江湖派步步后退,官军踩着尸体毫不动摇的往前继续碾压,空气中血腥味弥漫开来。

九灯门的黄衣小伙儿拽了拽鉴通的袈裟:“大师父,你刚才救了我一命,我有一计可以退敌。”

鉴通扭过头指了指空中的支湃:“你去跟他说,他是总指挥官。”

本来这话就是让这小子知难而退的,可没想到这小伙儿是直肠子死心眼儿,他冲着天空大喊:“大仙鹤,你下来,我有一计可以退敌。这个大和尚让我找你俩!”

这喊声在是拼命厮杀中,谁都没注意,可仙鹤的耳朵比人灵多了,雪笛抓着支湃俯冲到了黄衣小伙旁边,小伙高兴极了:“我有……”

支湃不等他说话,伸出手就解小伙子的黄色棉袍:“动手我了,你先把衣服借给我穿上。”

小伙二话不说,甩掉衣服给支湃,一边脱衣服一边说:“我是九灯门的,地字门的,先前我家主母让我化装成泥瓦匠来修天宗的擂台。其实我之前就是泥瓦匠,只不过……”

支湃恶狠狠地夺过衣服:“我再让你说十个字,多一个字,我就宰了你!”

黄衣小伙冻的原地跺脚,他抱着肩在心里数了数自己要说的话,趴在支湃耳边小声说道:“擂台底下有炸药,两千斤!”

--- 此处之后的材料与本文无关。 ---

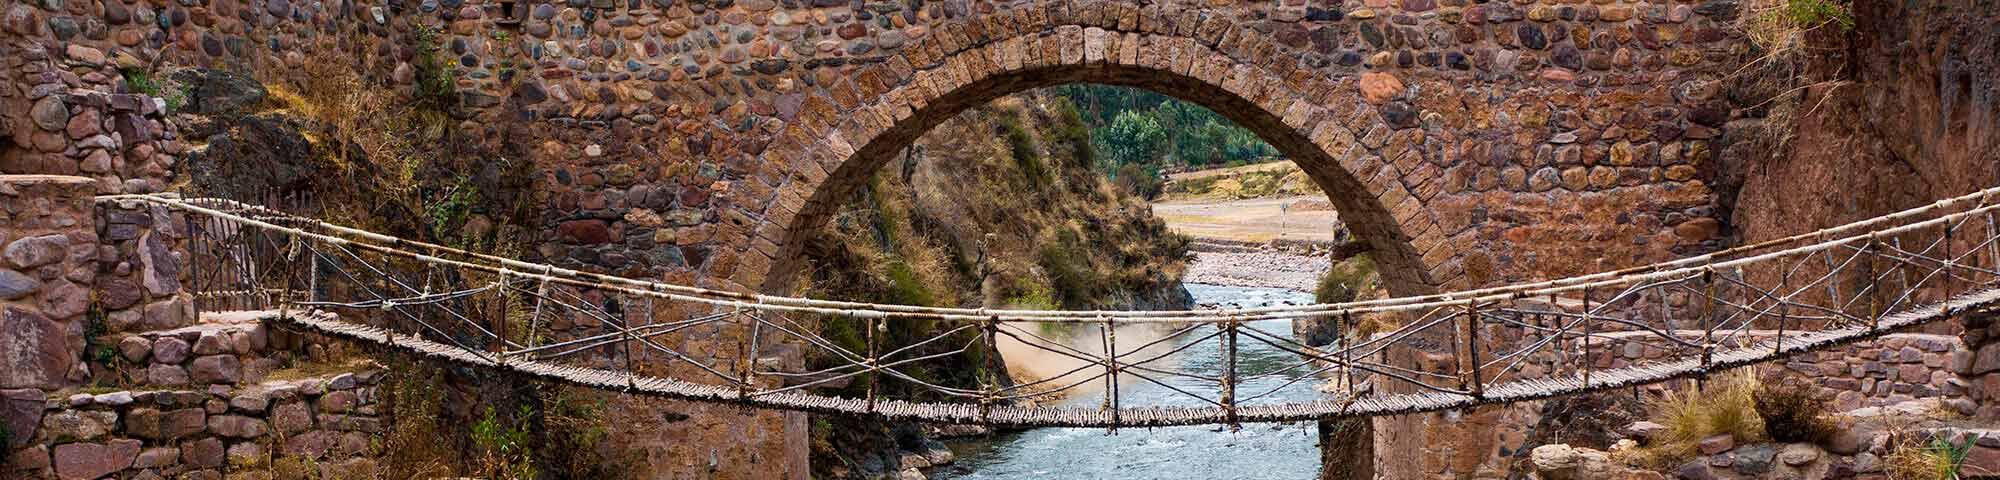 Puente colonial de Checacupe

支湃的脑袋一下比冬瓜还大三圈了,他这才知道之前方伦所说,九灯门地字门偷运巨量炸药是怎么回事儿,原来是放到了擂台之下了,这目的不用说也知道,只不过,现在倒是可以一用。

支湃把棉袍又脱下来给了小伙:“你叫什么名字?”

“我小名儿叫三儿,后来我爹……”

“闭嘴!听我说!”支湃从自己怀里掏出火折子,递给三儿:“那个火药的引信你知道在哪对吧?你躲好了,听到空中仙鹤鸣叫的时候,不管那是炮捻还是引信还是导火索,你给他点着了,然后你就使劲往穹顶那边跑!听见没?”

“哎!”这次,三儿回答的很干脆。

支湃回头看了看仙鹤:“升空!”

雪笛抓起支湃再次升空,支湃在空中大喊:“撤!往后退!”

可谁也听不见。

支湃一指擂台,雪笛斜掠过去,把支湃放到擂台上。支湃从怀里掏出一尺多长的黄铜烟袋锅,使劲的敲锣。

战场上鸣鼓则进,鸣金收兵,这是通则。

江湖派听到锣声,回头一瞧,支湃站在擂台上指挥大家:“撤!往后退!退到穹顶台阶下待命。”

江湖派有秩序的后退,官军也不急于追赶,摆好阵势,列好纵队,平压过来。

所有人都退到了穹顶台阶下,支湃拍了怕雪笛的脑袋:“叫唤吧!”

仙鹤腾空而起,在空中奋力鸣叫,官军早已融为一体了,每个人都不在是单独的个体,而是铁板一块,没有喜悦,没有恐惧,没有思想,手持长矛步步向前。

三儿点着了炮捻,喊了一句:“大鸟人,半刻钟啊!”

空旷的广场之上,江湖派已经撤离,数万官军整齐划一迈着震天的步伐一点一点推进,支湃独自站在擂台上,静静地看着眼前铺天盖地席卷而来的士卒,他装了一袋烟,想点着抽一口压压惊,可又想起,火折子给了三儿了,装逼失败,他只是在心里默默的算着,数着:半刻钟是七分半,四百五十秒,现在过去大概一分钟了,所以,三百八十九,三百八十八……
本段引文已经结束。